··· Collected data
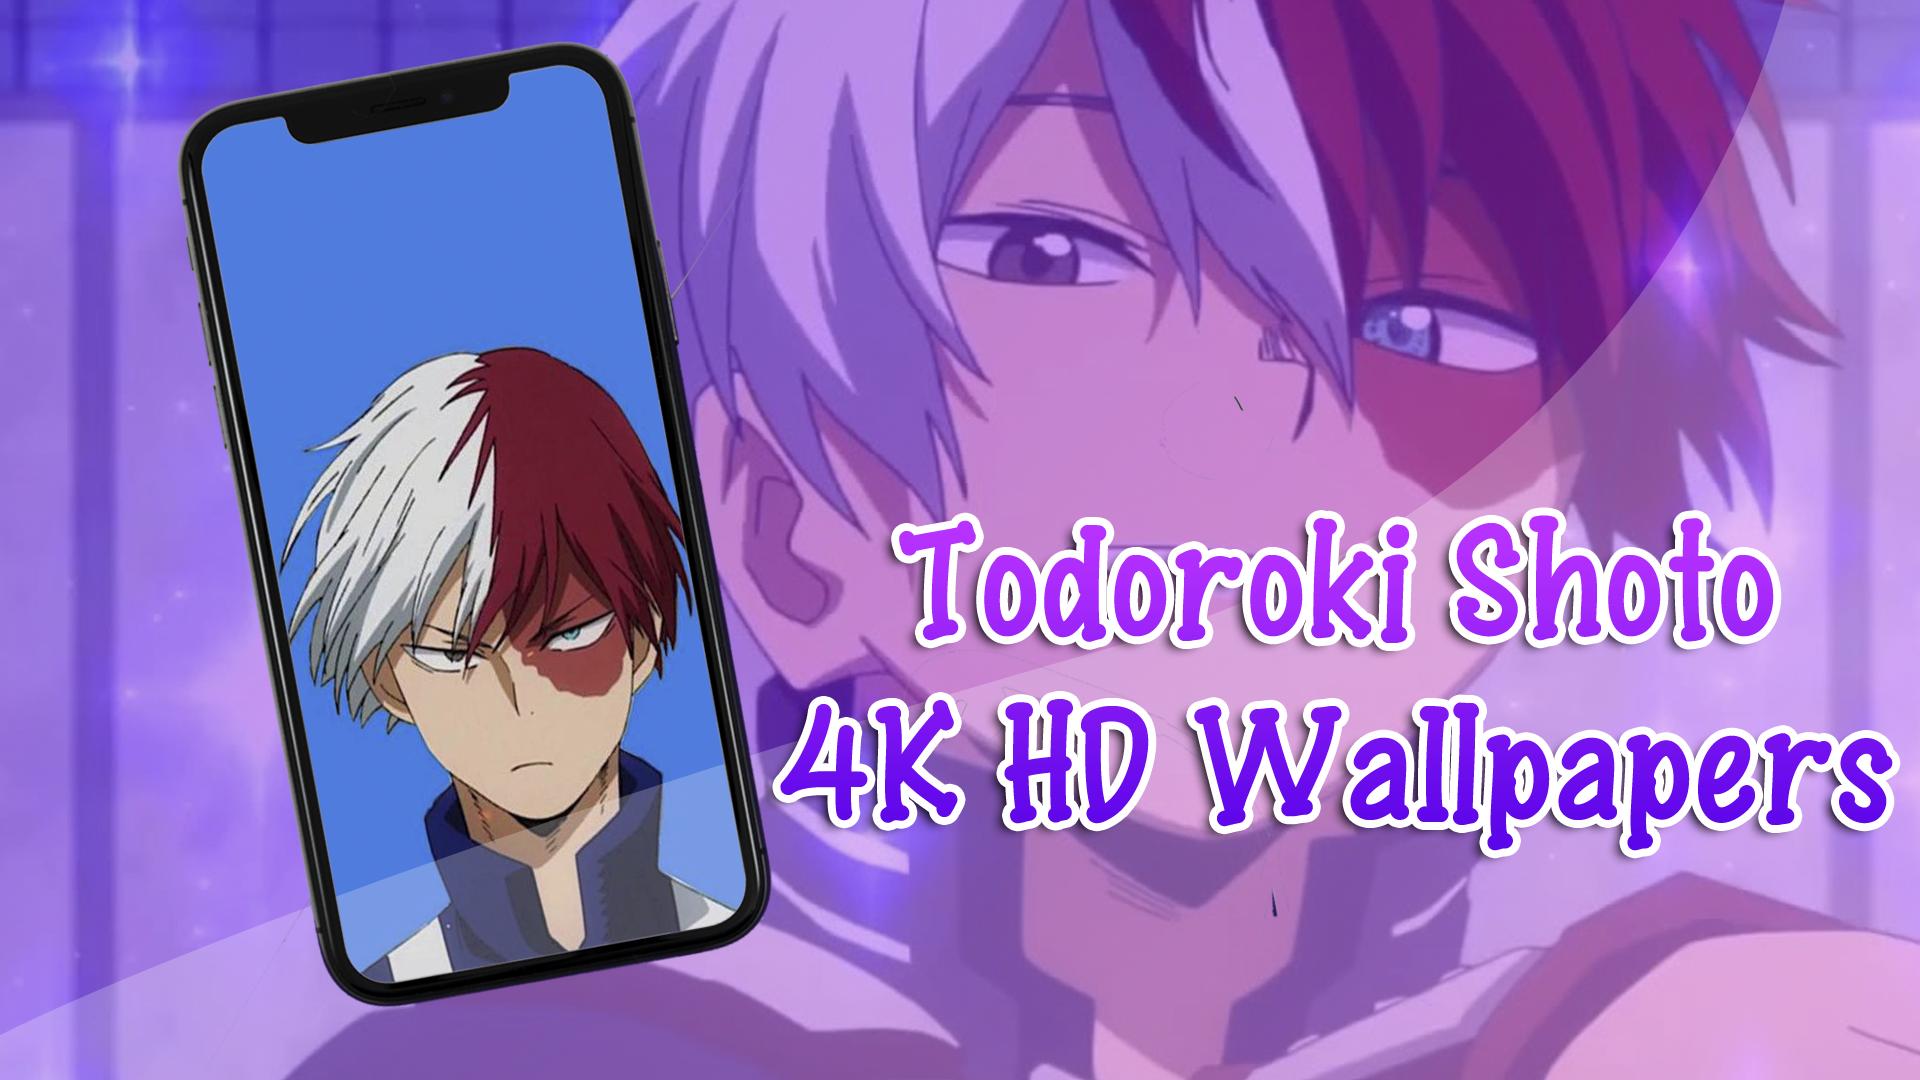 Todoroki Shoto 4k Hd Wallpapers For Android Apk Download
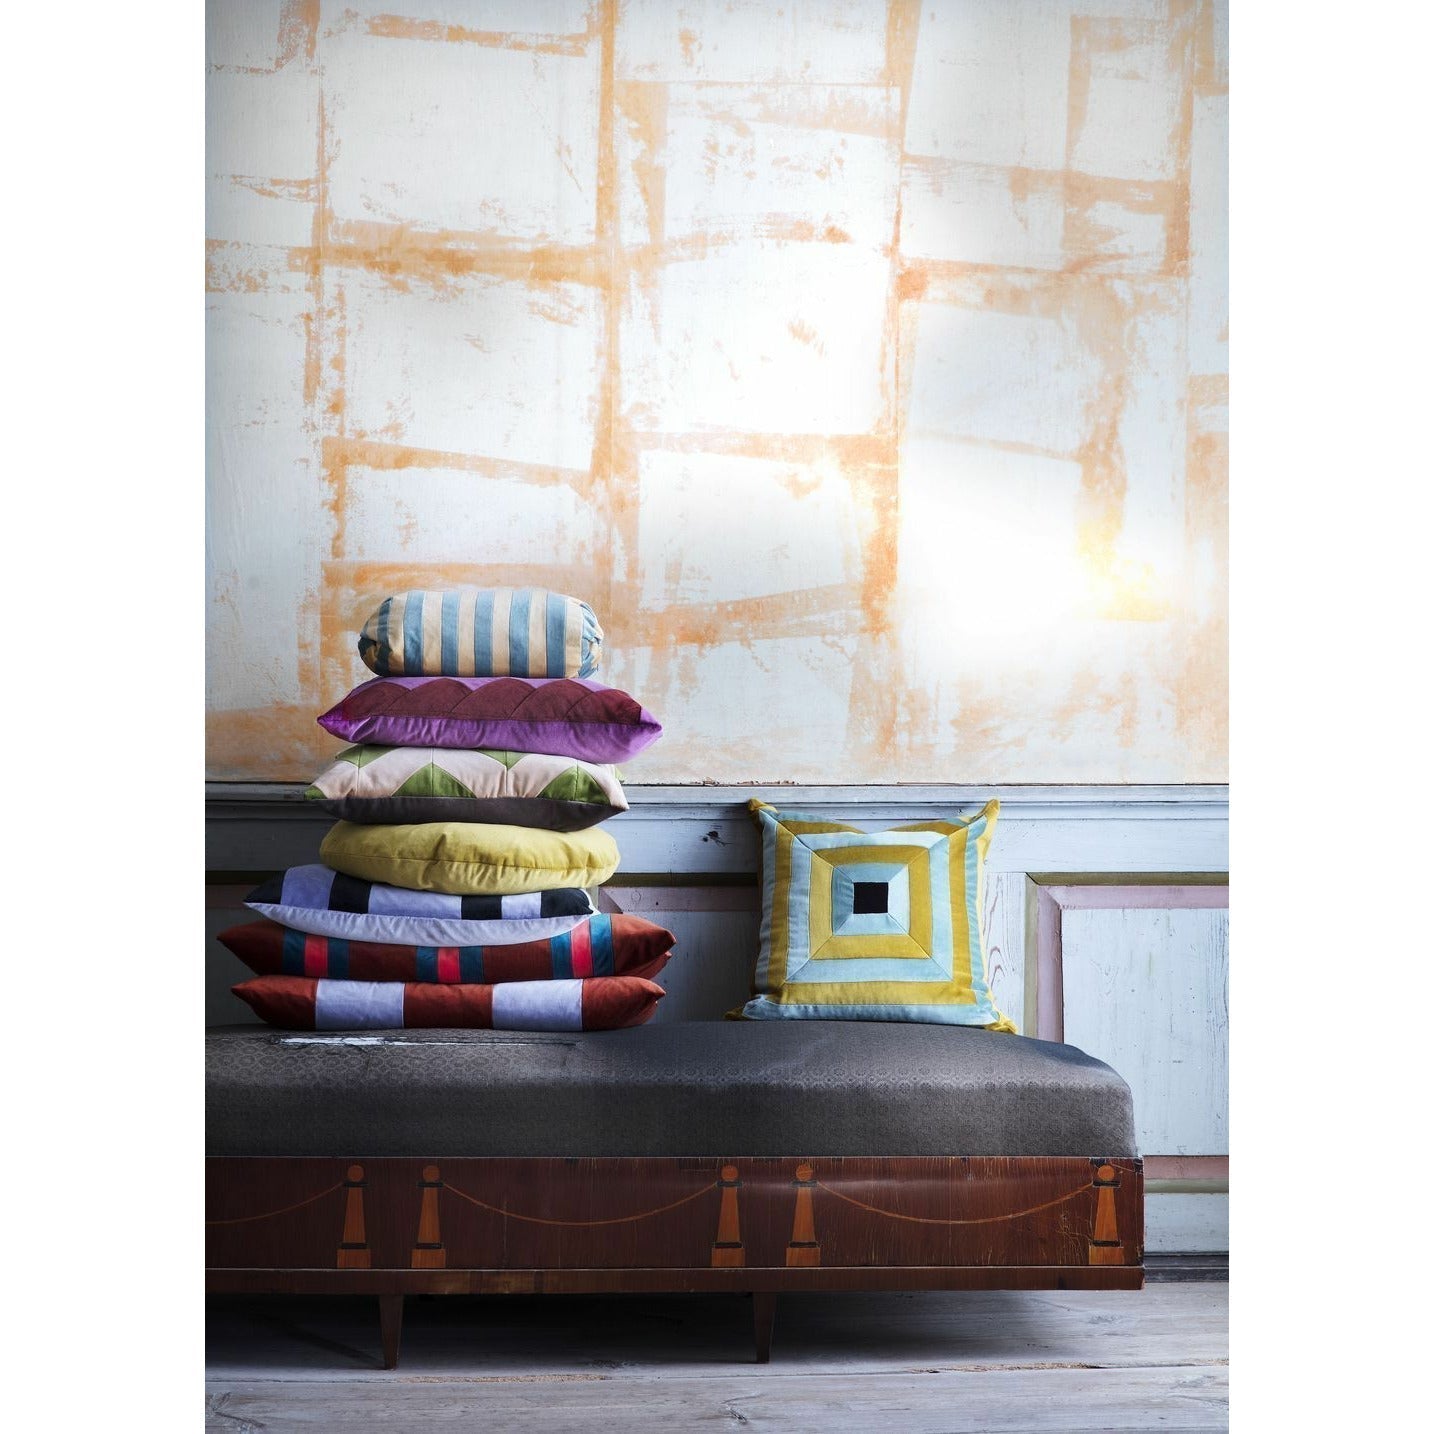 Cuscino di velluto a strisce Christina Lundsteen 40 x80 cm, rosso scuro/blush
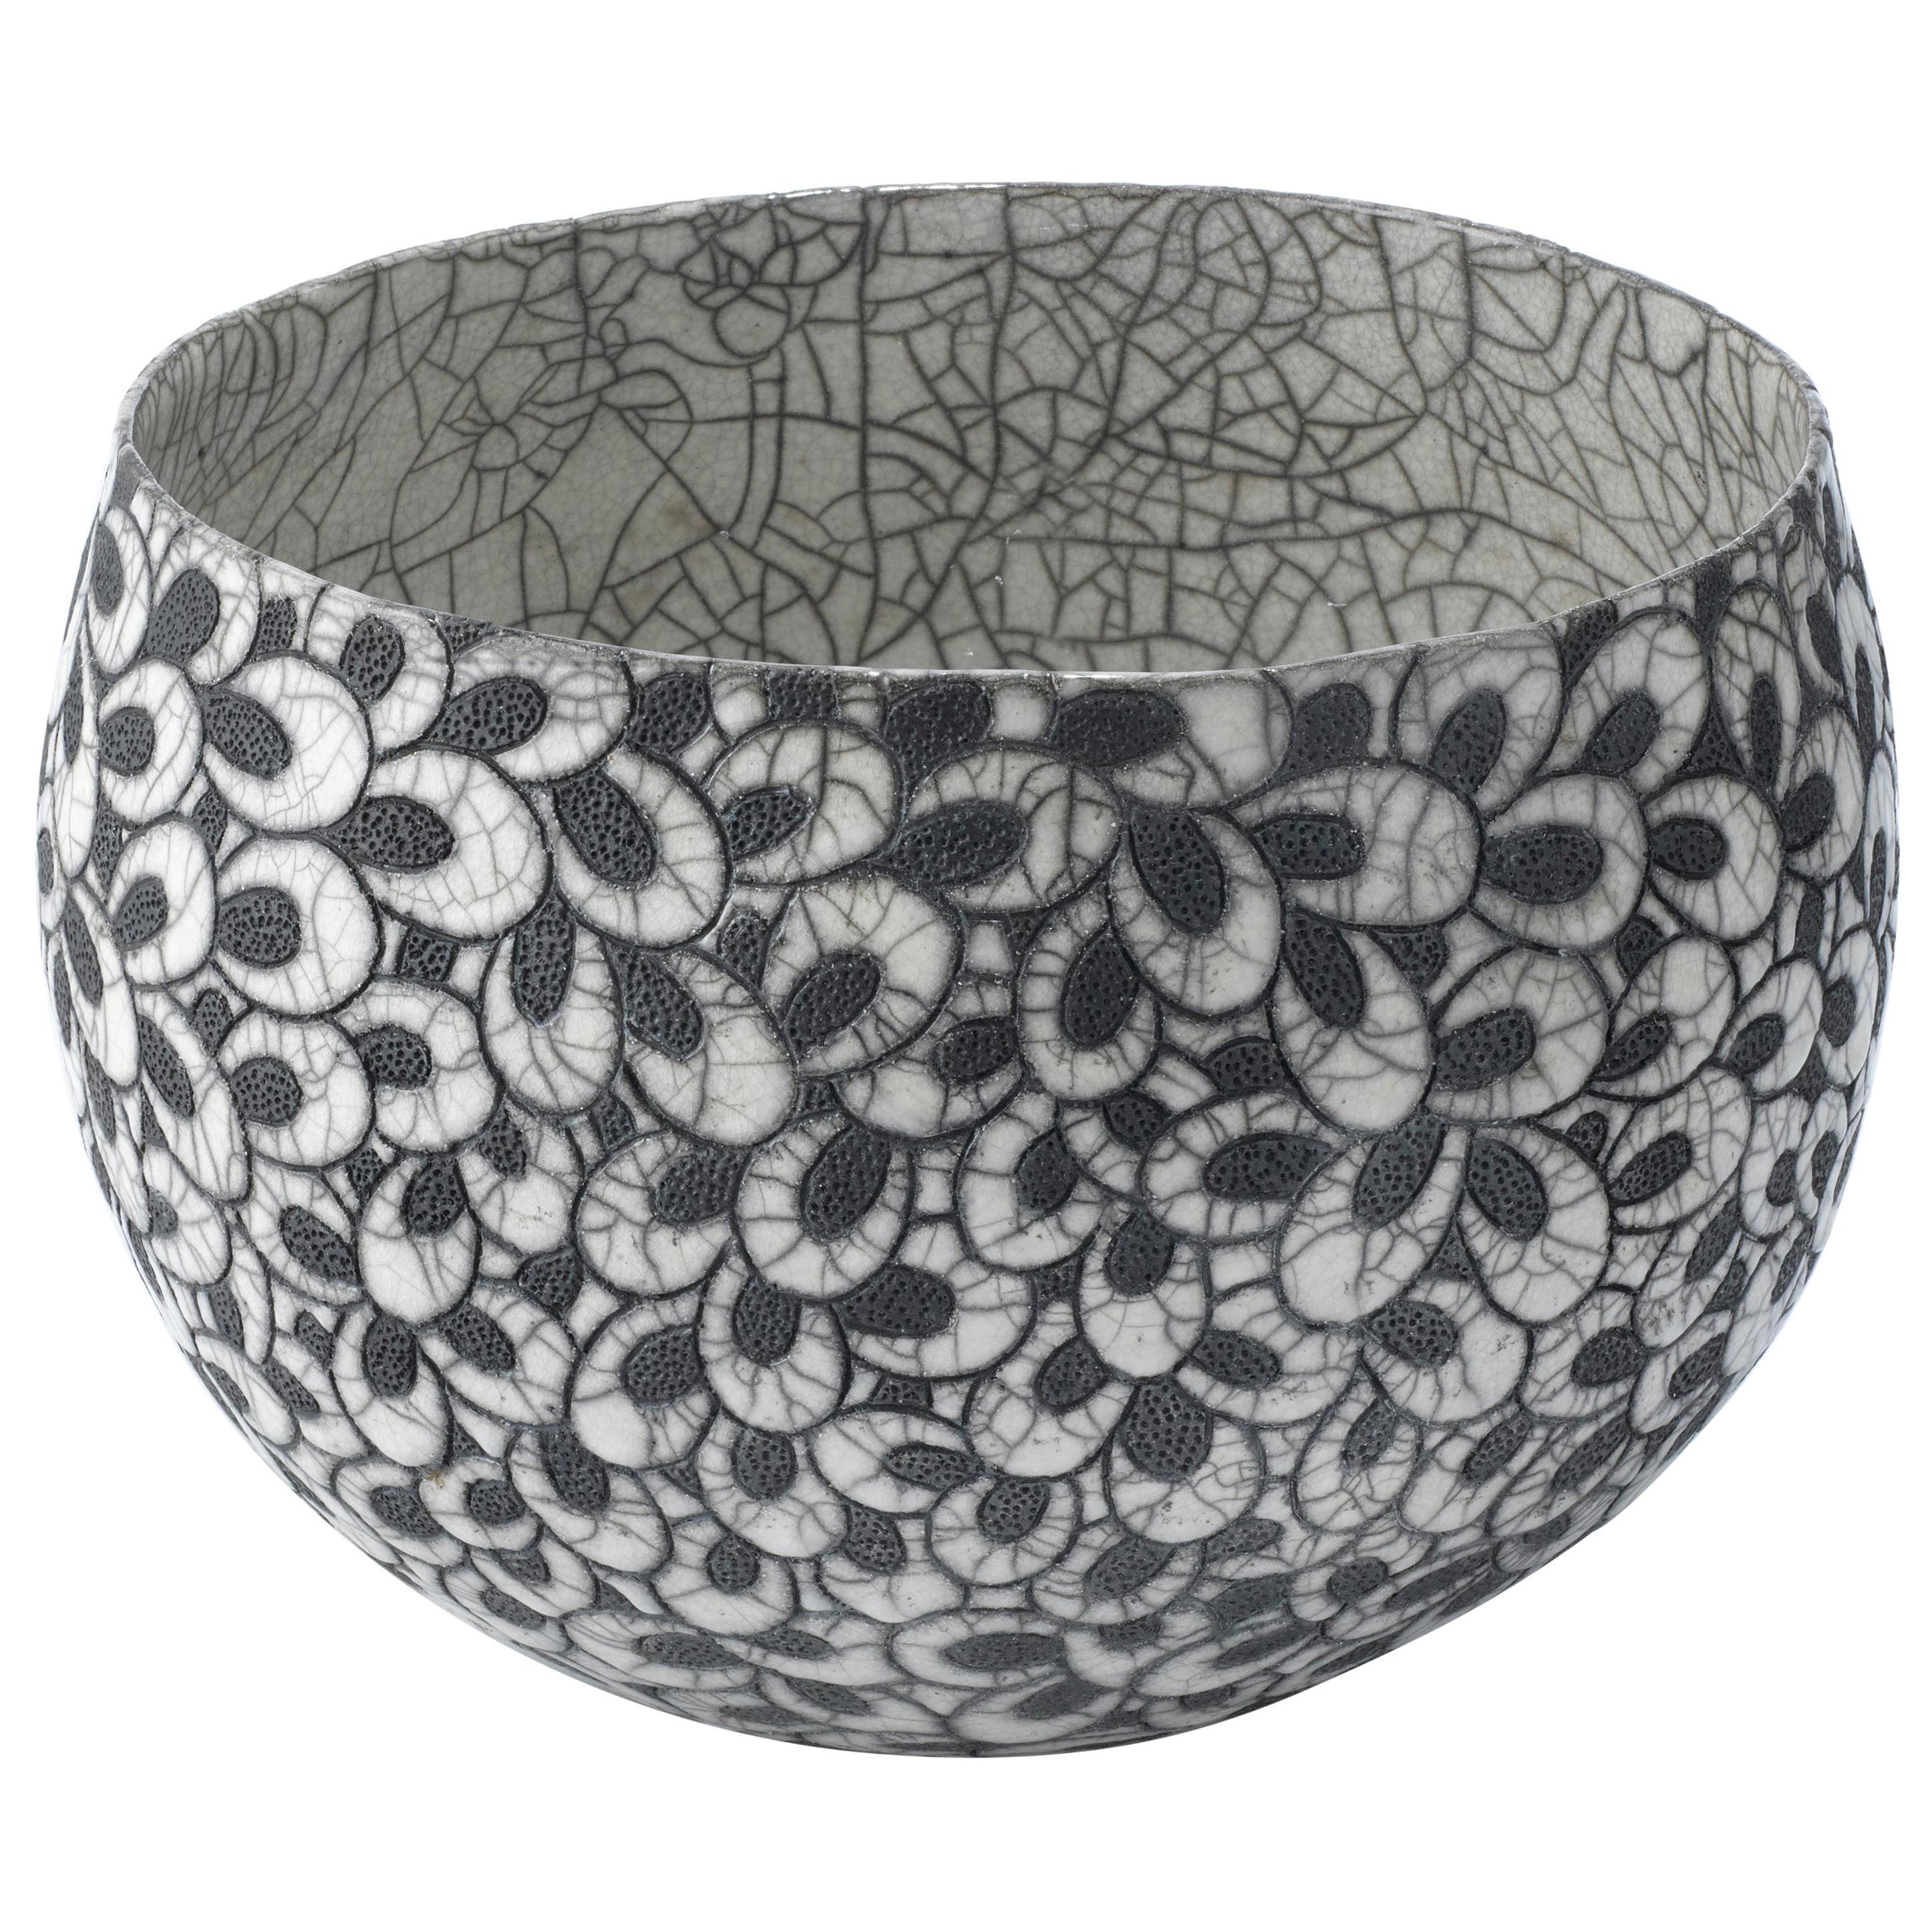 Black and White Ceramic Bowl, Coupe Printemps II
······
■ **Task objective**
Would you set down each line of the listing above exactly, apart from the pictures?

■ **Result of the task**
 Todoroki Shoto 4k Hd Wallpapers For Android Apk Download
 Cuscino di velluto a strisce Christina Lundsteen 40 x80 cm, rosso scuro/blush
 Black and White Ceramic Bowl, Coupe Printemps II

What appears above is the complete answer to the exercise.